TASK GOAL: Pictures aside, return every line below exactly as written.

DATA SECTION:
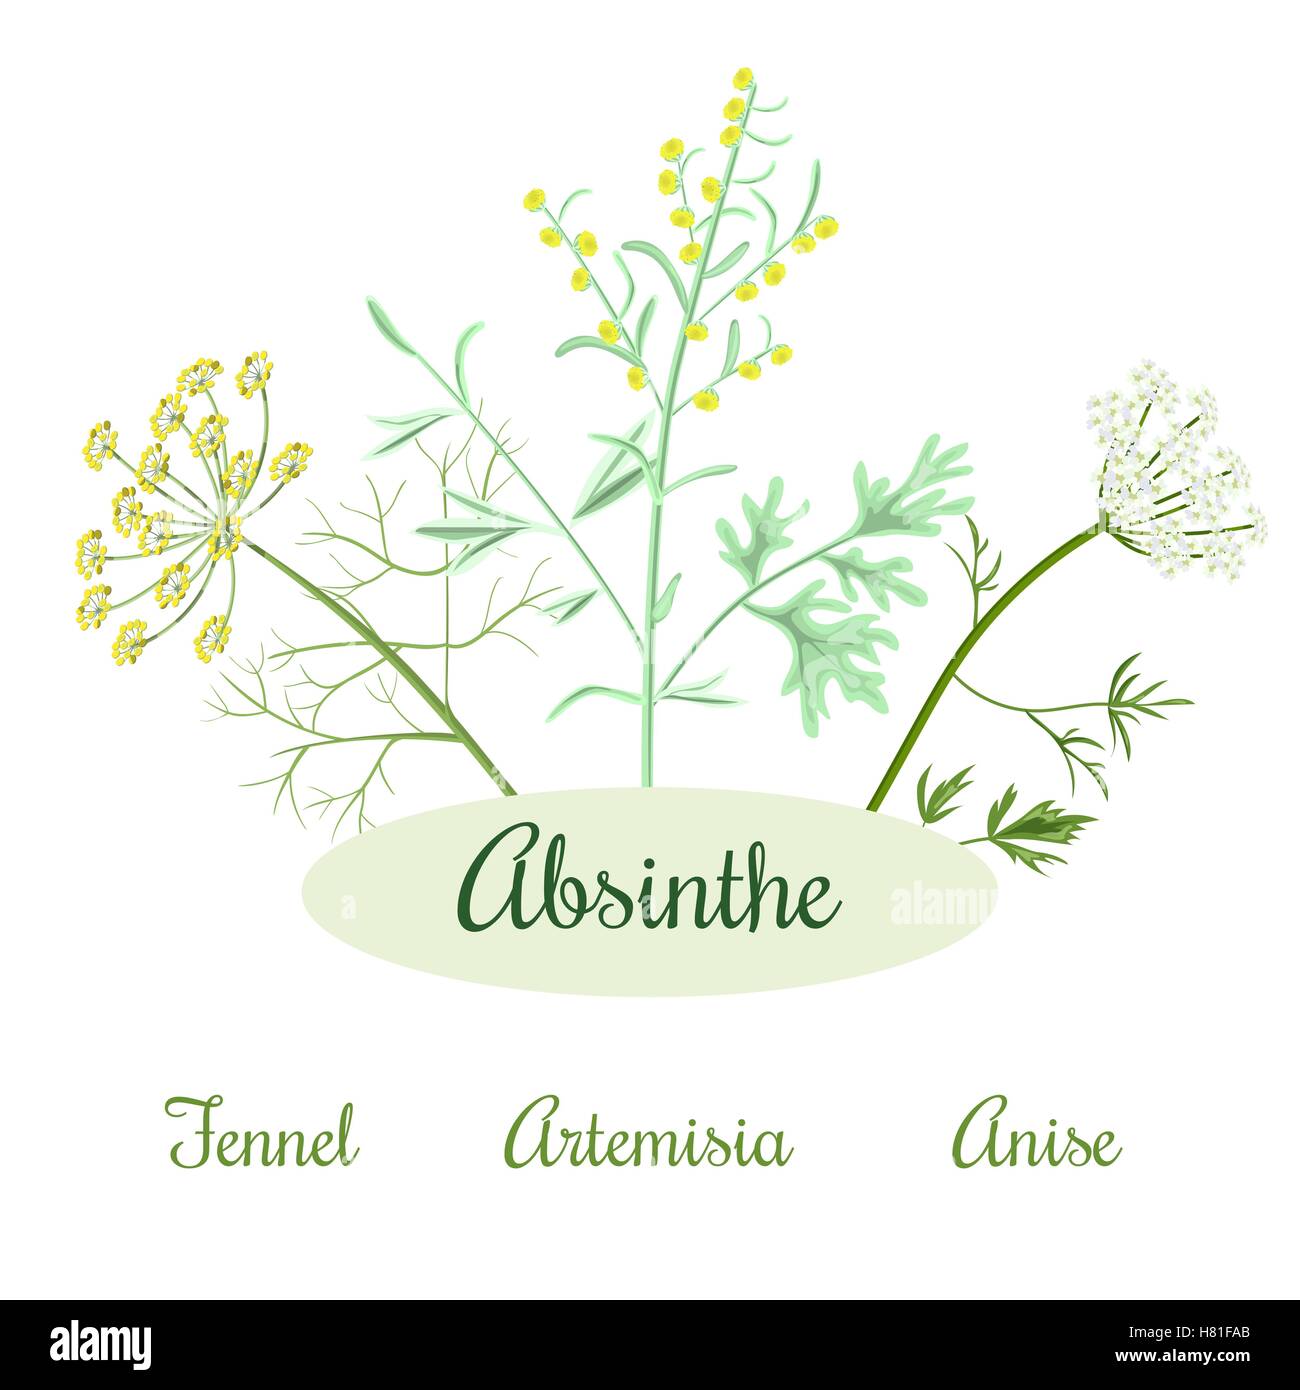 Absinth Zutaten. Großen Wermut oder Artemisia Absinthium, grüner Anis oder Pimpinella Anisum, süße Fenchel Foeniculum vulg Stock Vektor
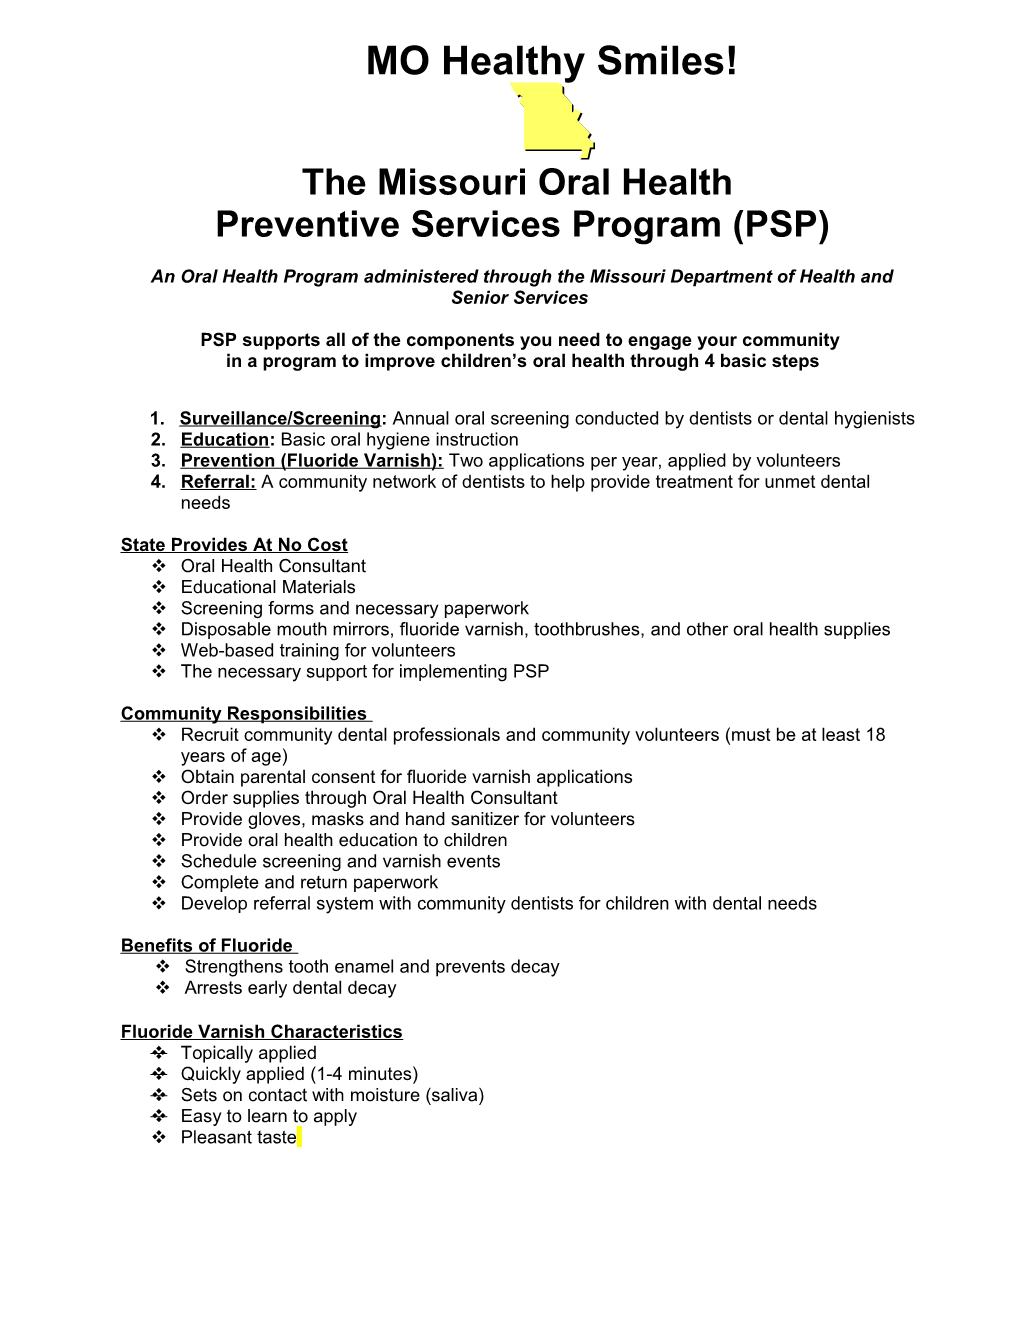 Missouri Oral Health Preventive Services Program
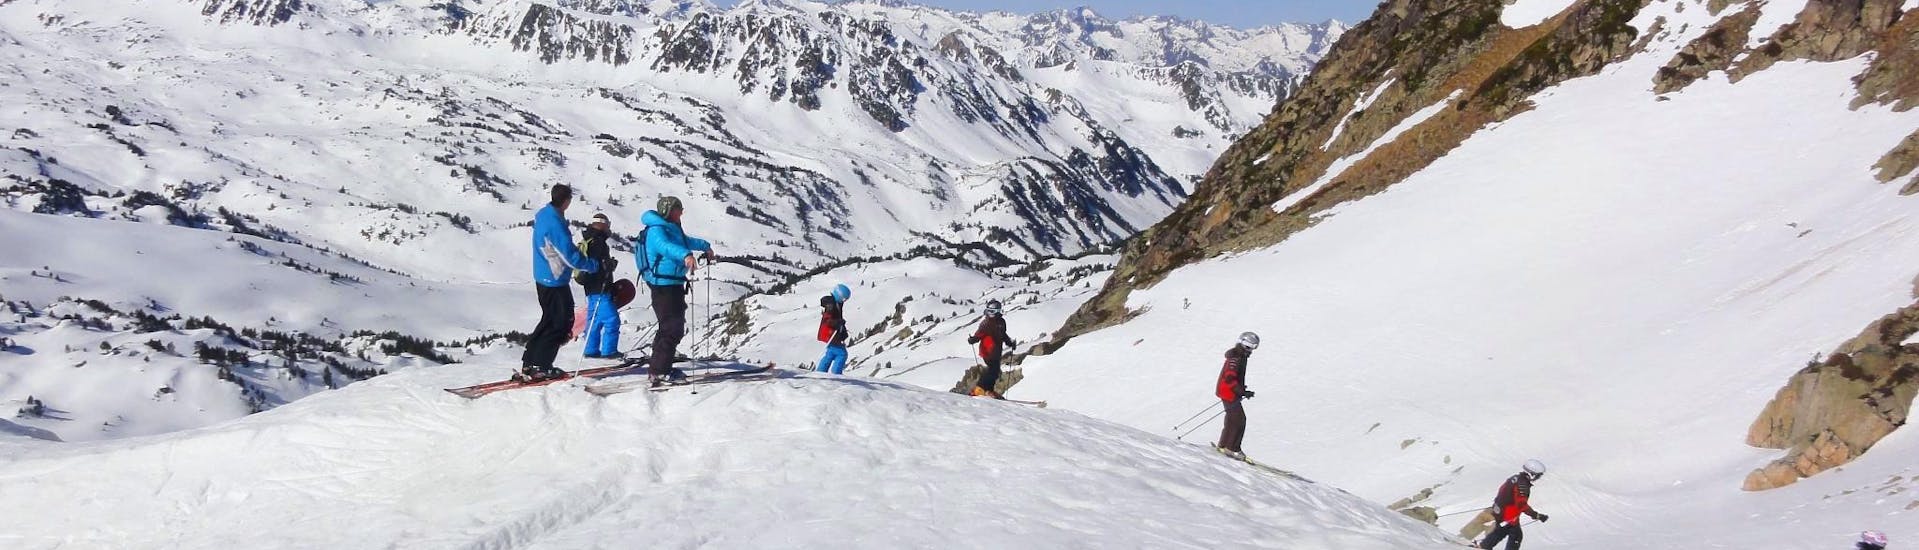 Kinder-Skikurs ab 5 Jahren für Fortgeschrittene.

REPLY TO THE EXERCISE:
 Absinth Zutaten. Großen Wermut oder Artemisia Absinthium, grüner Anis oder Pimpinella Anisum, süße Fenchel Foeniculum vulg Stock Vektor
 Missouri Oral Health Preventive Services Program
 Kinder-Skikurs ab 5 Jahren für Fortgeschrittene.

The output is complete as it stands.